Haven't seen the show

However, my guess is they were hauling wood to one of the pulp mills in Maine. Pulp wood is often measured by the cord or weight and is not used for saw logs but to make paper and board. Years ago when I was working a summer job up there, what we normally refer to as logging trucks are called pulp trucks because that is what they most often haul and what the paper companies manage the forests to produce.

Once again things may have changed a bit since I was up there but the roads and land into and out of the forests were on paper company land and public access was granted at the discretion of the paper company. I remember many signs along the dirt roads up in the Millinocket area telling motorists that they were on paper company land and that pulp trucks had the right of way. Because the drivers were paid by weight delivered and they were running on private loads there was no such thing as a pulp truck not running well overweight. Again things may have changed a bit since then.

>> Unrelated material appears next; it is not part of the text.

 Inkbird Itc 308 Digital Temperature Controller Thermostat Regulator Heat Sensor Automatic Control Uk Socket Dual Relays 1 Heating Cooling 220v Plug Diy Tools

Here's a link describing pulp measurement.
http://forestry.about.com/cs/forestvaluation/a/wood_vol.htm

Take Care


----------



## turnkey4099 (Jun 27, 2014)

Swamp Yankee said:


> Haven't seen the show
> 
> However, my guess is they were hauling wood to one of the pulp mills in Maine. Pulp wood is often measured by the cord or weight and is not used for saw logs but to make paper and board. Years ago when I was working a summer job up there, what we normally refer to as logging trucks are called pulp trucks because that is what they most often haul and what the paper companies manage the forests to produce.
> 
> ...



Thanks. That makes sense. I hadn't thought about pulp wood.

Harry K


----------



## Saddle Mander (Jun 30, 2014)

I recorded it but could only sit through about 15 minutes. It should be called Truck Warriors because it is really about truck driving. What the guys are hauling really doesn't matter.


----------



## turnkey4099 (Jun 30, 2014)

Saddle Mander said:


> I recorded it but could only sit through about 15 minutes. It should be called Truck Warriors because it is really about truck driving. What the guys are hauling really doesn't matter.

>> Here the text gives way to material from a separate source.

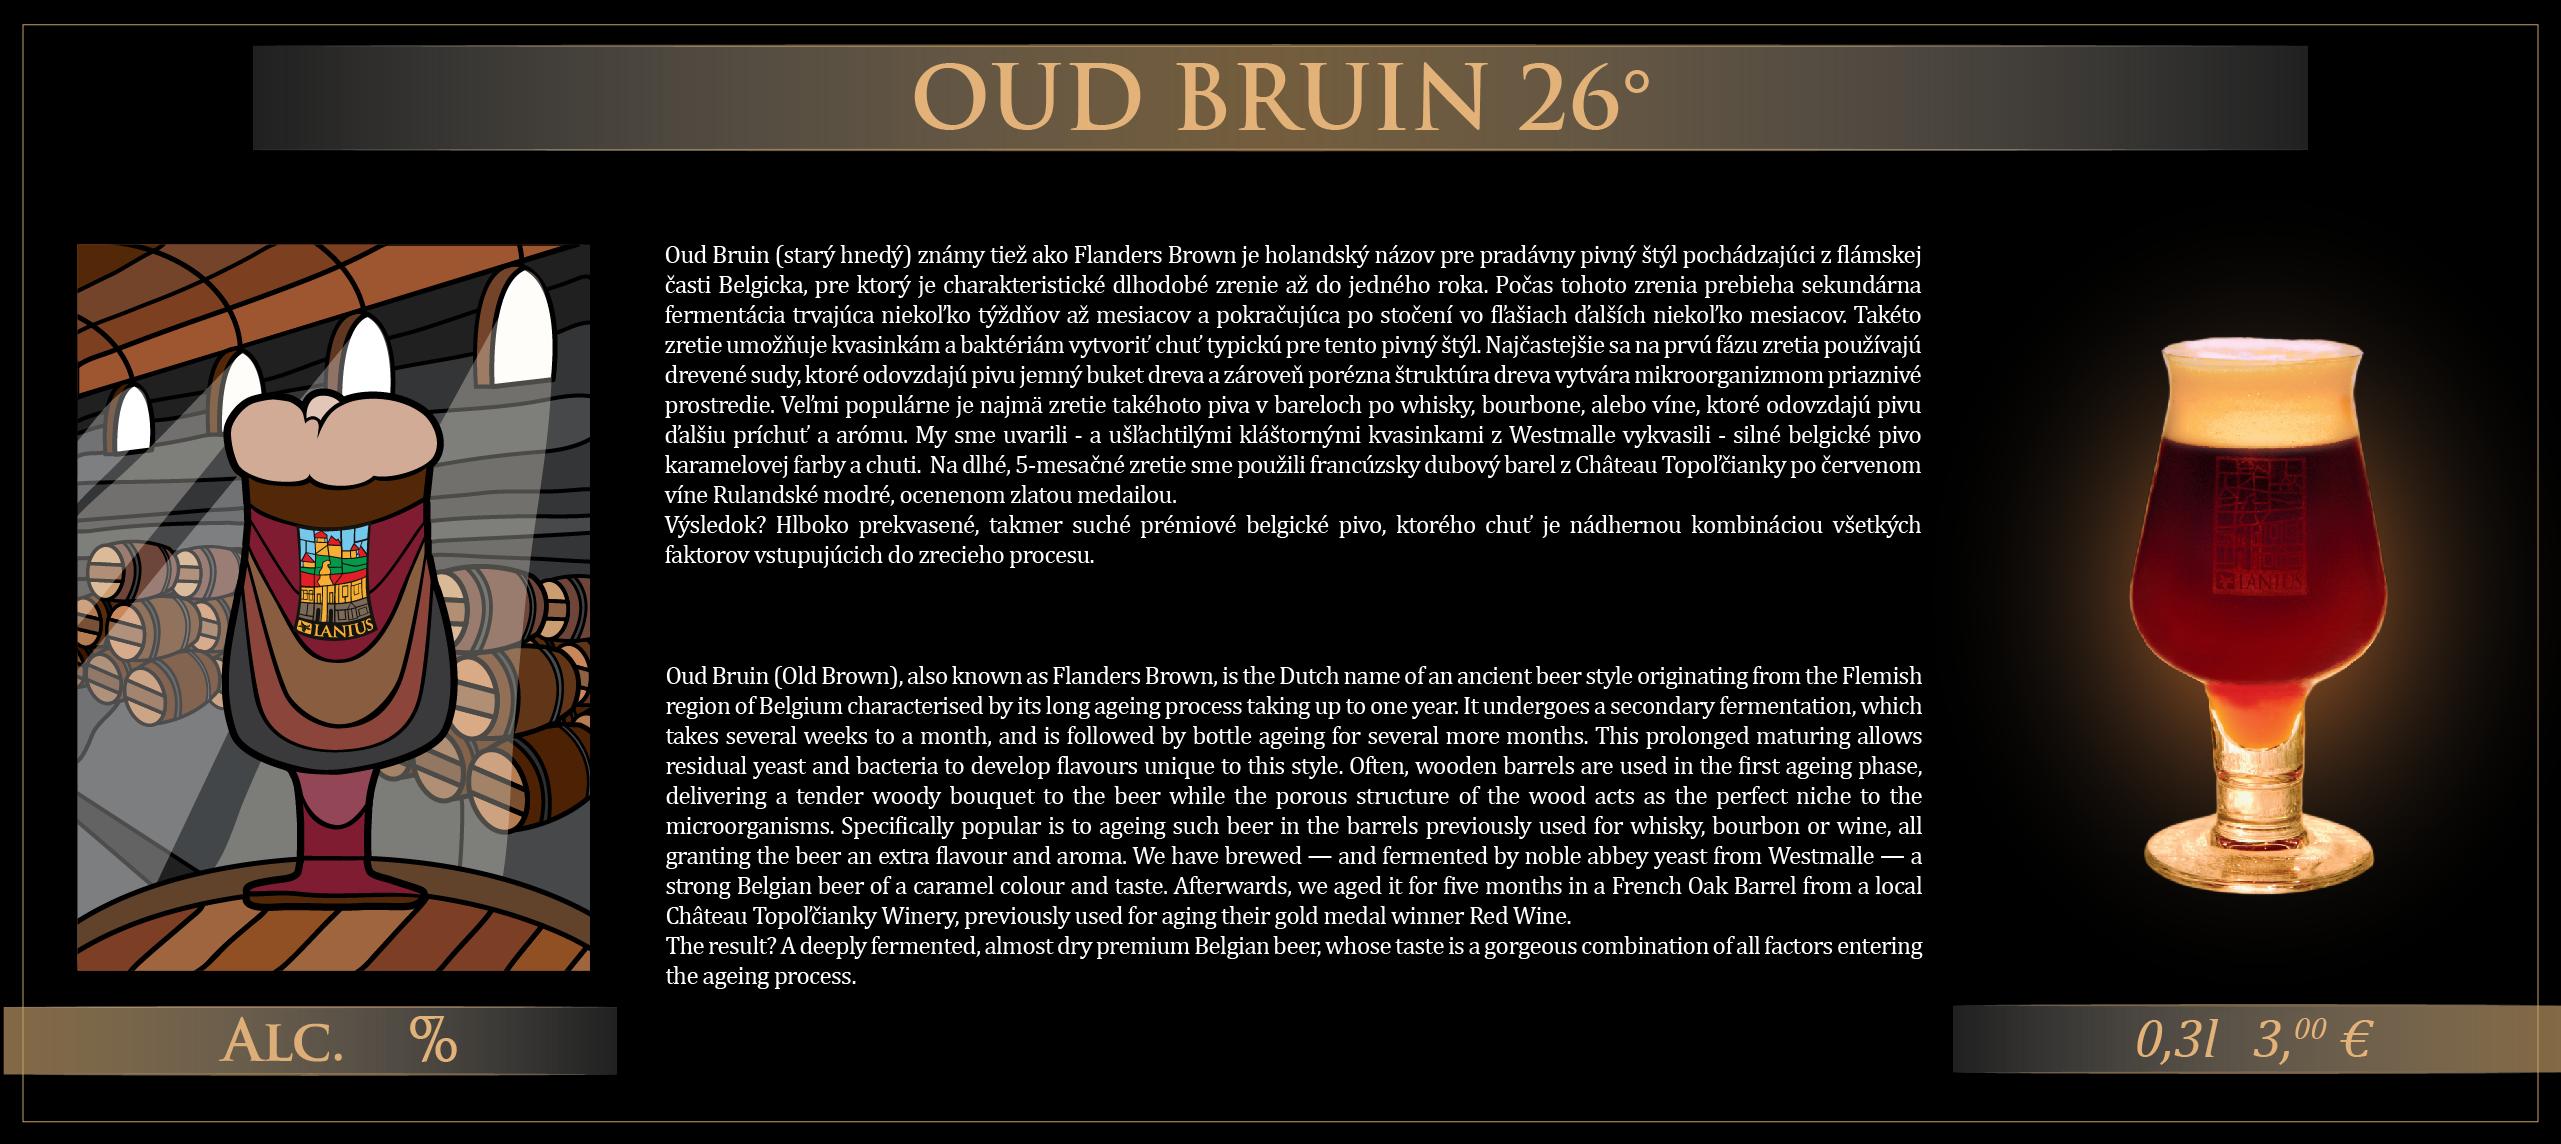 Oud bruin_26-04

I was just thinkling about that show today while splitting some wood. How are they going to make such a limited activity show interesting without adding all the faked up drama? Even that will be a problem as there just isn't enough "there" there to generate fighting.

Harry K


----------



## IcePick (Aug 3, 2014)

Was this supposed to be a new series or just a one episode deal? I haven't been able to find any info on it. I was excited to find out the Pelletier's were back on the air, I always liked their beady little eyes and flapping heads.


----------



## turnkey4099 (Aug 5, 2014)

IcePick said:


> Was this supposed to be a new series or just a one episode deal? I haven't been able to find any info on it. I was excited to find out the Pelletier's were back on the air, I always liked their beady little eyes and flapping heads.



IIRC it was listed as 1st episode of a series in the guide.

Harry K


----------